Question for Hay Wilson in TX: When and where did you go through Wisconsin and see a bunch of clover? I grew up in the Cloverbelt in the northern part of the state, but nowadays clover acres are quite small and sainfoin is not recommended at all.


----------



## markofmuckleford (Jun 30, 2009)

It's interesting that you say sainfoin has gone out of favour. The same has happened in the UK.

I found out about the stuff on a Canadian web page (think it was a univeristy/ or federal site) we struggled to get good seed because it had not been grown for so long. People are interested in it as a forage crop now though locally and out of the fields planted the best plot so far has been the sainfoin. It covers the ground well, winter grazes, puts on good growth and established fast, needs very little inputs and cuts twice in a year and can be grazed twice.

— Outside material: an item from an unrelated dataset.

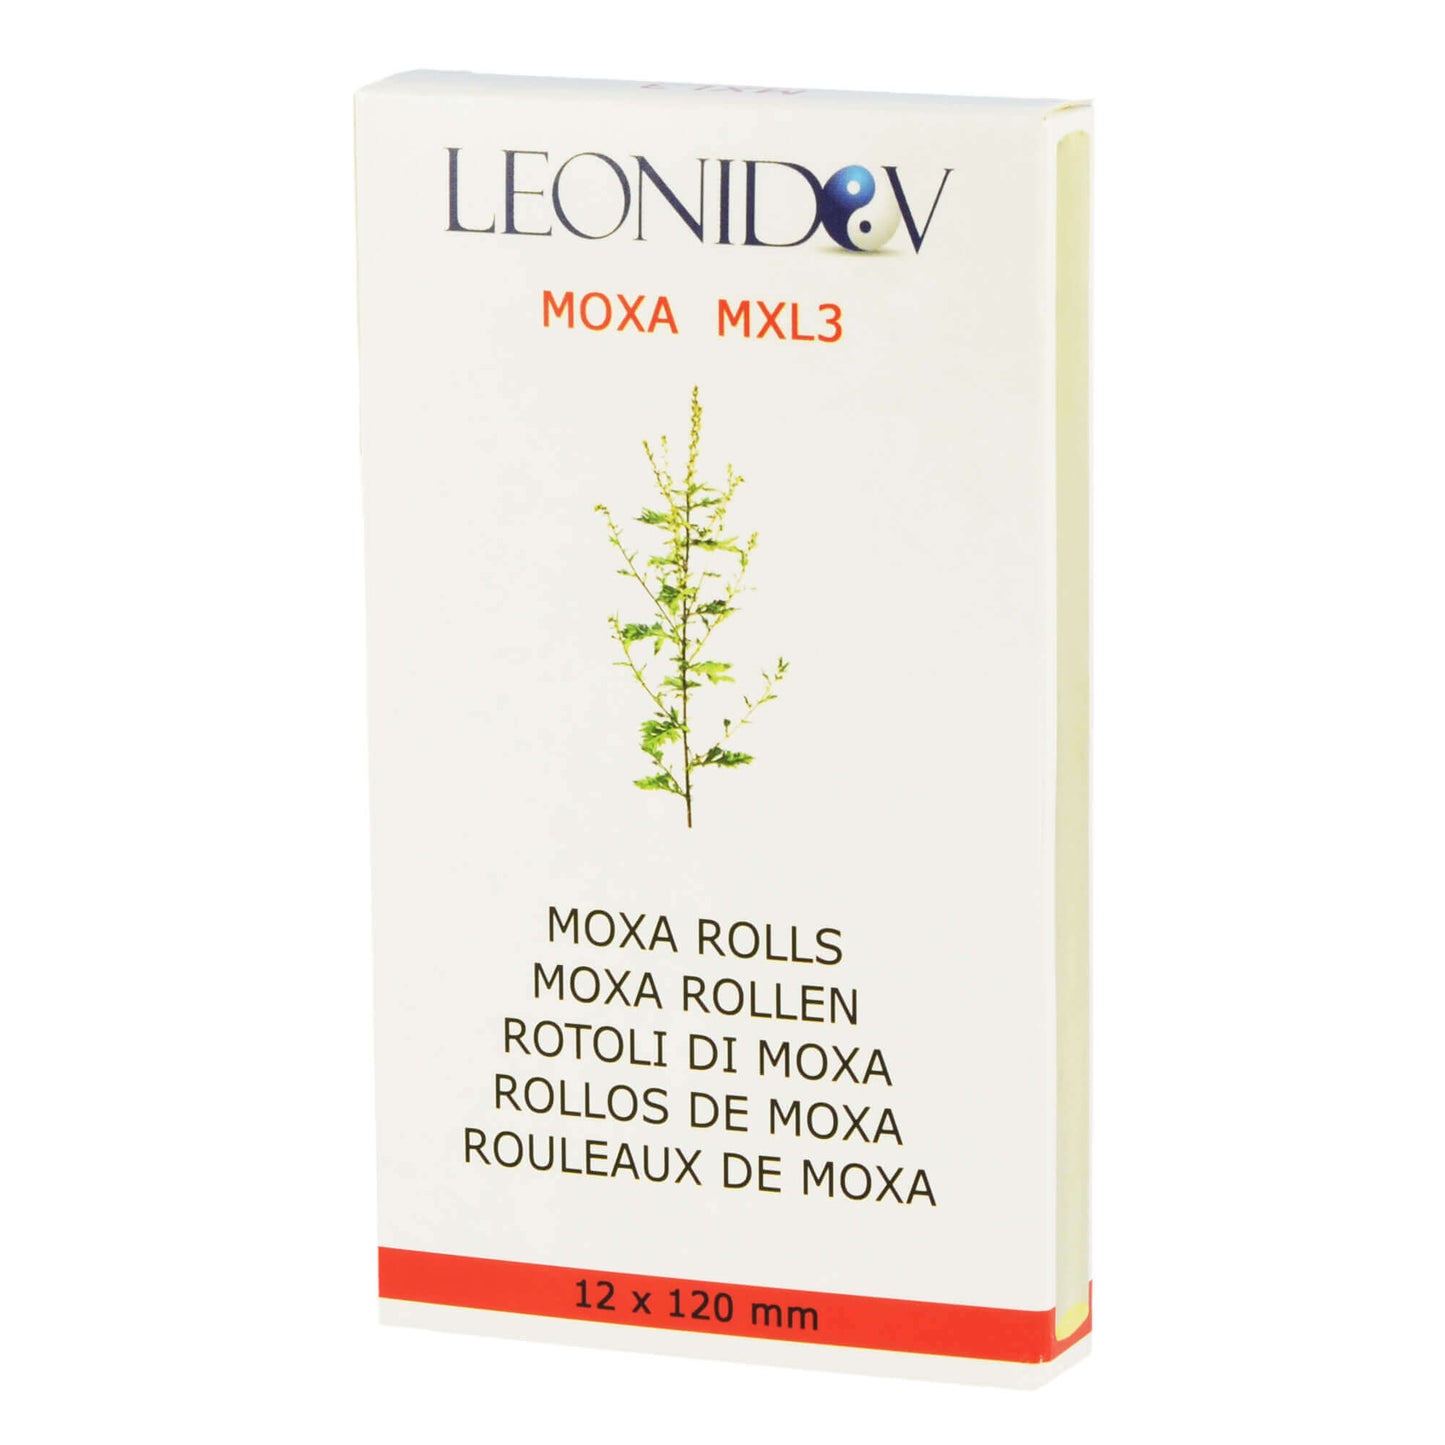 Rouleaux de moxa MXL3 (cigarillo) qualité particulièrement élevée

For an organic system it looks like a goer to me and I'll be trialling it further, I want to combine it for the seed and bale the swath as threshed hay, we'll see what happens and I'll let you know.


----------



## UpNorth (Jun 15, 2009)

Some folks out in Montana swear by Sainfoin. If you're able to establish it easily without weed pressure and other issues then go for it. The establishment is the main issue in many areas. Forage quality is very good, but the tonnage will be less than many other legumes. As far as the honey goes your bees will be collecting from a bunch of other flowers as well. Unless you have the amount of land that the citrus growers in Florida and California have the content of your honey won't be pure clover pollen. Good Luck.


----------



## 3w farms (May 25, 2009)

you talk of a nitrogen fixture of 180kg or 396lbs/ acre you not talking actual lbs of nitrogen are you.


----------



## markofmuckleford (Jun 30, 2009)

No. the overall effect of the nitrogen usage, if we spread N on our fields we loose a lot due to our chalky and easily drained soils. 
So what I was saying is that I'd have to put that much N on to make the field look the same way.


----------



## hayray (Feb 23, 2009)

Sweet clover can be pretty nasty stuff if it gets too ripe. If planted on purpose the main usage is for plow down. Yes, not good for horse buyers and some problems making silage out of it also.


----------



## markofmuckleford (Jun 30, 2009)

Originally when the phacelia was present in the mix (we thought it would come back from seed) the field was intended as a green manure mix with the main emphasis on honey production. The grass has taken over a bit this year and I was wondering if it would be worth cutting for fodder but I'm getting the picture that it isn't.


----------



## hayray (Feb 23, 2009)

If you are going to cut it make sure to do it early. Later in the season the whole stem drys down and the bales will look like woody debris.


----------



## UpNorth (Jun 15, 2009)

I agree with hayray. The hay value is very small unless you want to put in a compost pile or maybe use it as mulch.


----------



## markofmuckleford (Jun 30, 2009)

So taking on board what you're all saying, what is the regrowth habit of the plant? 
If I cut it earlier in the year (say feb) and let it come up to flower for may june for my bees, then cut it back and mulch it in and then cut the regrowth later for hay, like aug sept. Any thoughts?


----------